Compound is the default surface. Catalog footprint is ~1,500 tokens (about 12× smaller than granular), which keeps small models focused on the action choice instead of drowning in primitives. Same computer_20250124 shape Anthropic uses, so editor hosts already know how to drive it.

Toolbox

Actions

computer

screenshot, click, double_click, right_click, triple_click, hover, scroll, scroll_horizontal, drag, drag_path, type, key, wait

accessibility

read_tree, find, get_element, focused, invoke, focus, set_value, get_value, expand, collapse, toggle, select, state, list_children, wait_for

window

list, active, focus, maximize, minimize, restore, close, resize, list_displays, screen_size, open_app, open_file, open_url, switch_tab, navigate

system

clipboard_read, clipboard_write, system_time, ocr, undo, shortcuts_list, shortcuts_run, delegate, detect_webview, relaunch_with_cdp, app_guide, detect_app, classify_task, system_prompt

browser

connect, page_context, read_text, click, type, select_option, evaluate, wait_for, list_tabs, switch_tab, scroll

task

{instruction: string} — hand off the whole task to the built-in autonomous pipeline. No action enum. If your agent has its own brain, drive the other five toolboxes directly instead.

A typical turn:

computer({ action: "key", combo: "mod+s" })          // resolves to Cmd+S / Ctrl+S
accessibility({ action: "invoke", name: "Send" })
window({ action: "open_app", name: "Outlook" })
system({ action: "ocr" })                            // OS-level OCR, no LLM vision
task({ instruction: "open Notepad and type hello" }) // delegates to the pipeline

Quickstart

Sixty seconds from zero to a tool-calling agent on your desktop.

Pick your mode first:

Your situation

Use

Why

AI lives in your editor (Claude Code, Cursor, Windsurf, Zed)

clawdcursor mcp

stdio MCP server. You never run this yourself — the editor/MCP host spawns it on demand from its config (you just add the JSON below). No daemon, no port.
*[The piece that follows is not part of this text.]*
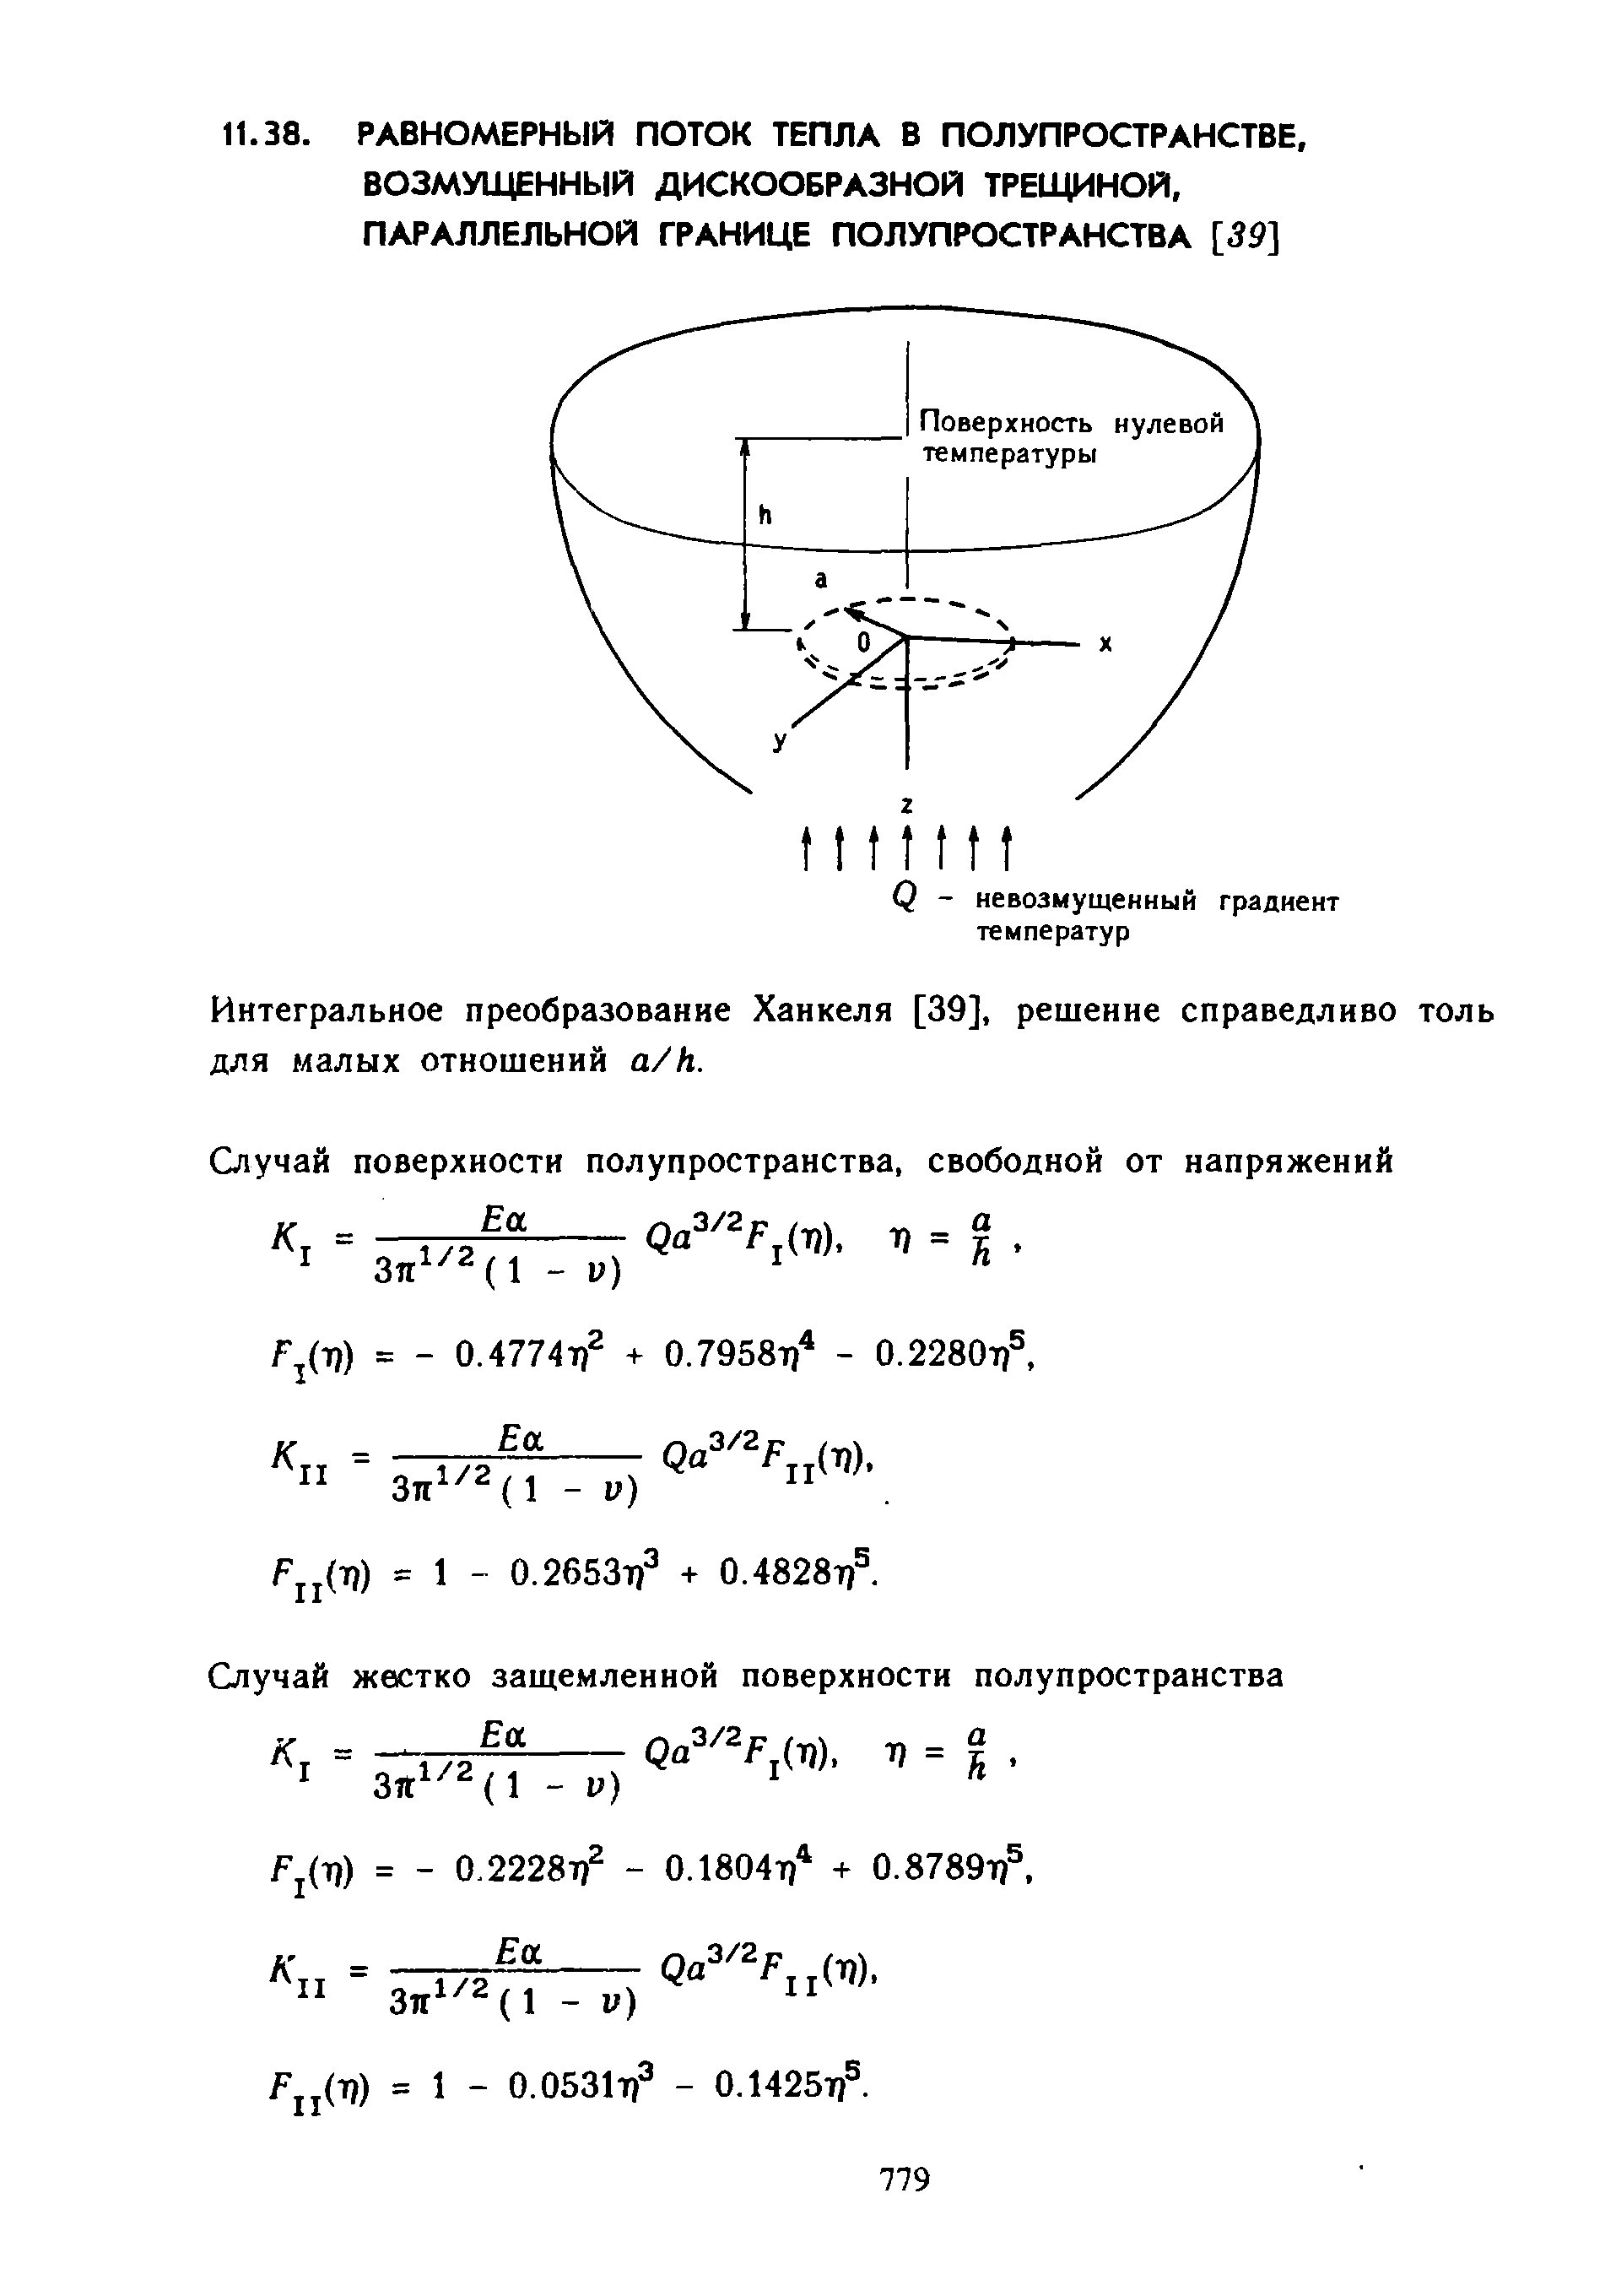 Интегральное преобразование Ханкеля [39], решение справедливо толь для малых отношений a/h.

You're building an agent that runs unattended

clawdcursor agent

HTTP MCP daemon on 127.0.0.1:3847. Has its own LLM brain optionally configured via doctor.

Your agent has its own brain — you just want the tools as an HTTP endpoint

clawdcursor agent --no-llm

Same daemon, no built-in pipeline, no scheduler startup, no credential validation. Pure tool surface.
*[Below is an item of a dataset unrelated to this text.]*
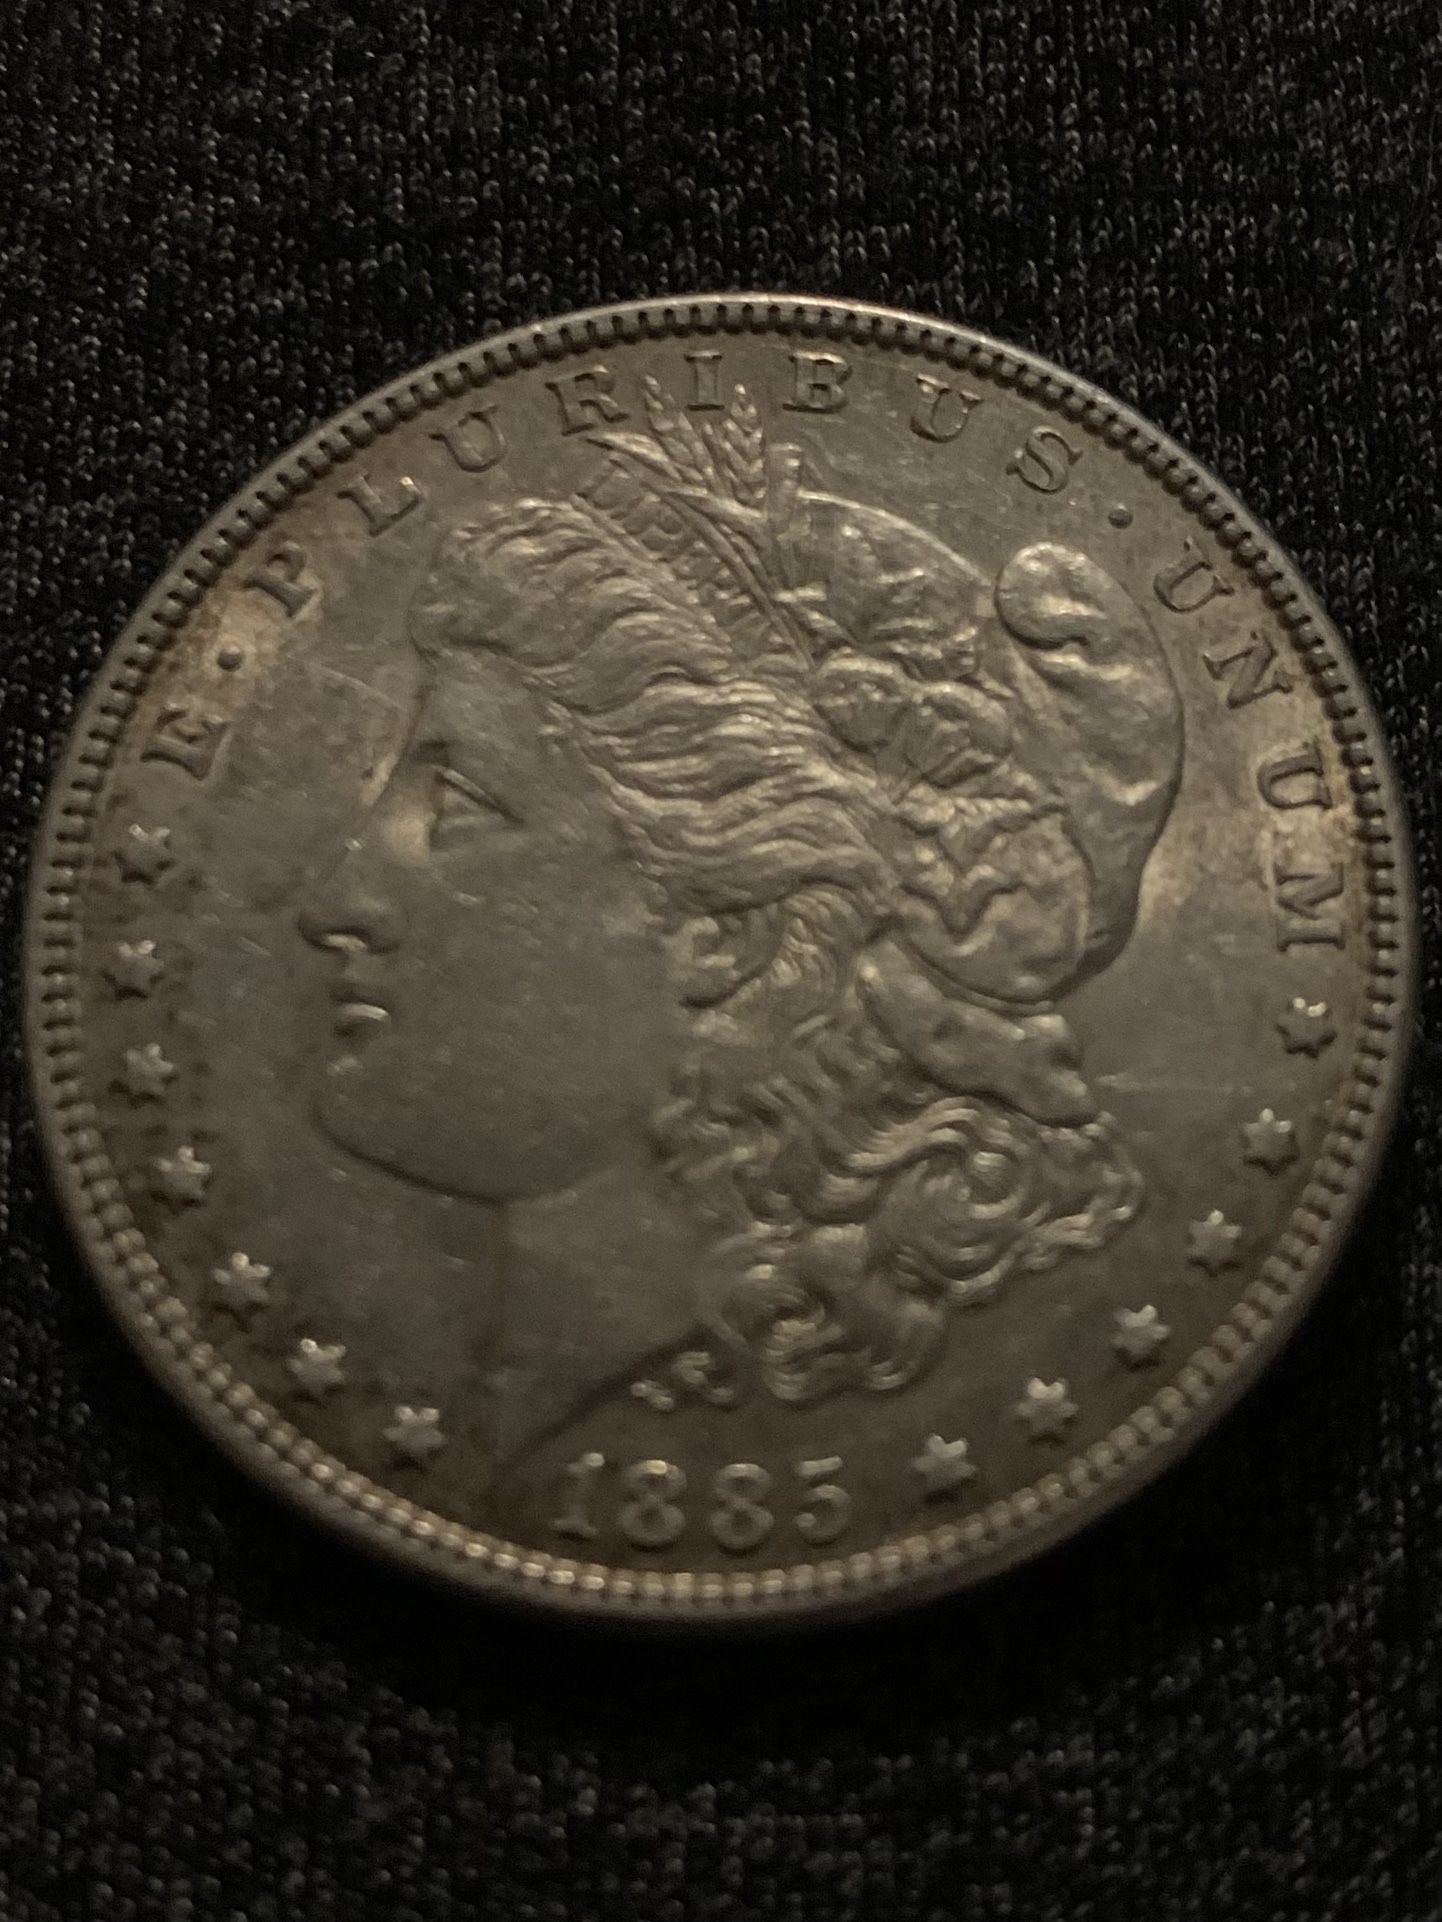 1885 Rare Silver Dollar

Simplest — any OS (now on npm):

npm i -g clawdcursor

Works as-is on Windows and Linux. On macOS, also run clawdcursor grant afterward to build the native helper (Accessibility + Screen Recording). The OS installer scripts below do this step for you.

Or one line per OS (clones the repo, builds, and handles the macOS native build automatically):

Windows (PowerShell):

powershell -c "irm https://clawdcursor.com/install.ps1 | iex"

macOS / Linux:

curl -fsSL https://clawdcursor.com/install.sh | bash

Then:

clawdcursor consent --accept   # one-time desktop-control consent (required)
clawdcursor doctor             # verify permissions + (optionally) configure an LLM provider
clawdcursor agent              # OR `clawdcursor mcp` — see the table above

The installer clones into ~/clawdcursor, runs npm install, builds, and npm links a global shim. Runtime state lives at ~/.clawdcursor/ (auth token, pidfiles, logs). It does not edit any agent host config — that step is below.
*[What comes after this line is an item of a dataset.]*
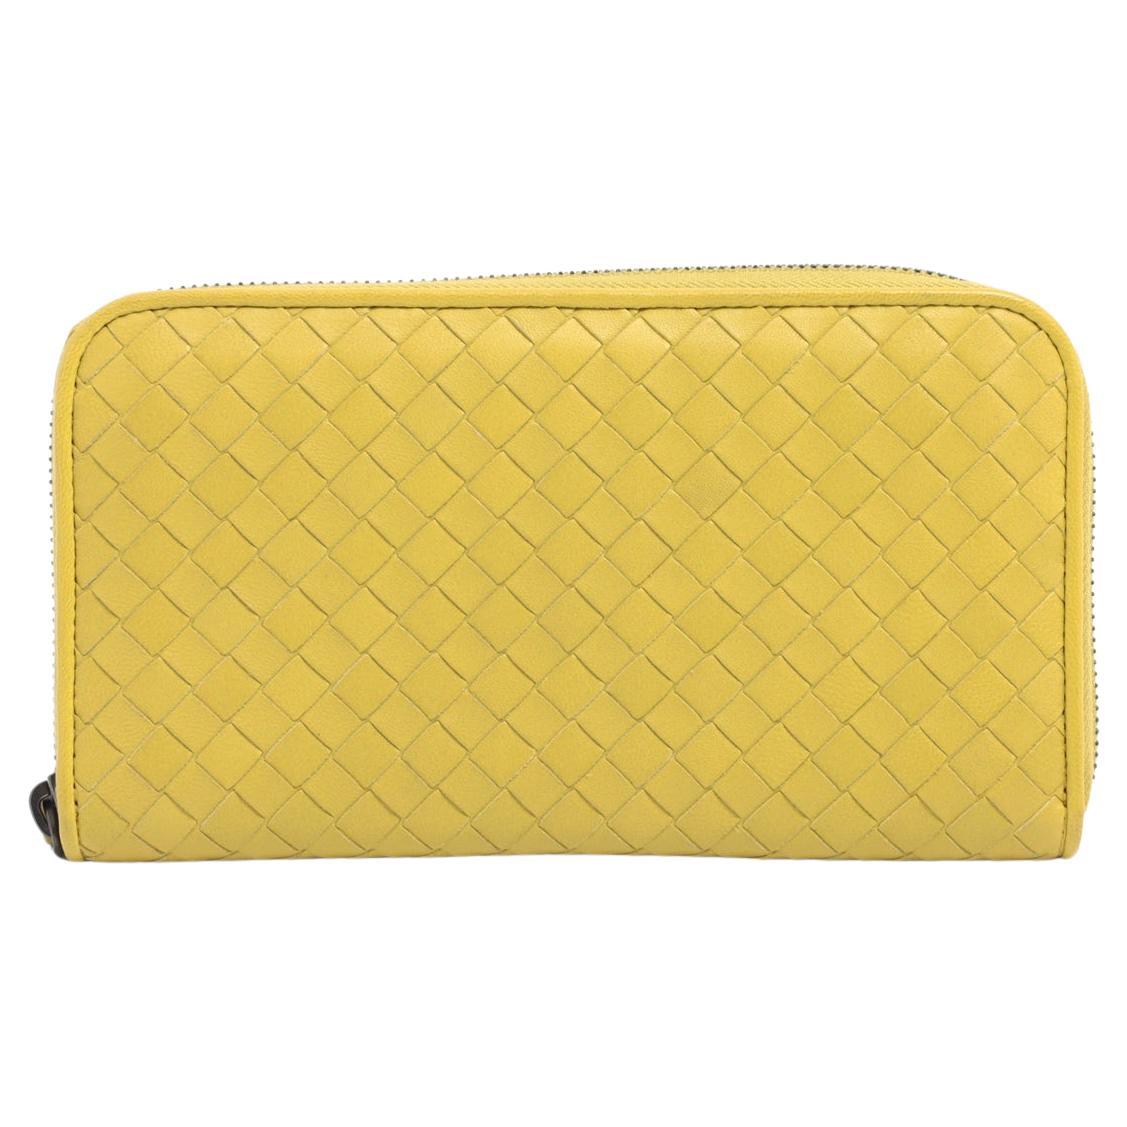 Bottega Veneta Intrecciato Leather Zippy Wallet Yellow Gold For Sale

Wire it into Claude Code, Cursor, Windsurf, or Zed:

// ~/.claude/settings.json  (or your editor's MCP config)
{
  "mcpServers": {
    "clawdcursor": {
      "command": "clawdcursor",
      "args": ["mcp", "--compact"]
    }
  }
}

That's it. Ask your agent to "open Outlook and reply to the latest email from Sarah" and watch it run.

Don't run clawdcursor mcp in a terminal yourself — your editor launches it automatically over stdio when it needs the server. The only commands you run by hand are the install, consent, and doctor steps above.

macOS: run clawdcursor grant to walk through Accessibility + Screen Recording permissions. Linux: install tesseract-ocr, python3-gi, gir1.2-atspi-2.0, and (Wayland only) ydotool or wtype.


Why Clawd Cursor

Most "let an agent use the computer" tools are browser-only, single-OS, or vision-only. Clawd Cursor is the cross-OS, accessibility-first, MCP-native one — with a single safety gate every call routes through.

Clawd Cursor

browser-use

Playwright

computer-use

Any desktop app, not just web

web only

web only

Cross-OS (Win + macOS + Linux)

runs in a sandbox

Accessibility-first, not pixel-only

✅ a11y → OCR → vision

DOM

DOM

vision only

Any model / vendor

not an agent

Claude only

MCP-native (one config, any host)

library

test framework

tool-use API

Single safety chokepoint

Local-only, no cloud required

screenshots → cloud

Two mechanisms the others don't have:

  • Cheapest-tier-first by design. Accessibility tree (free) → OCR (cheap) → screenshot (medium) → vision (expensive); the agent climbs only when it must, so token cost tracks task difficulty.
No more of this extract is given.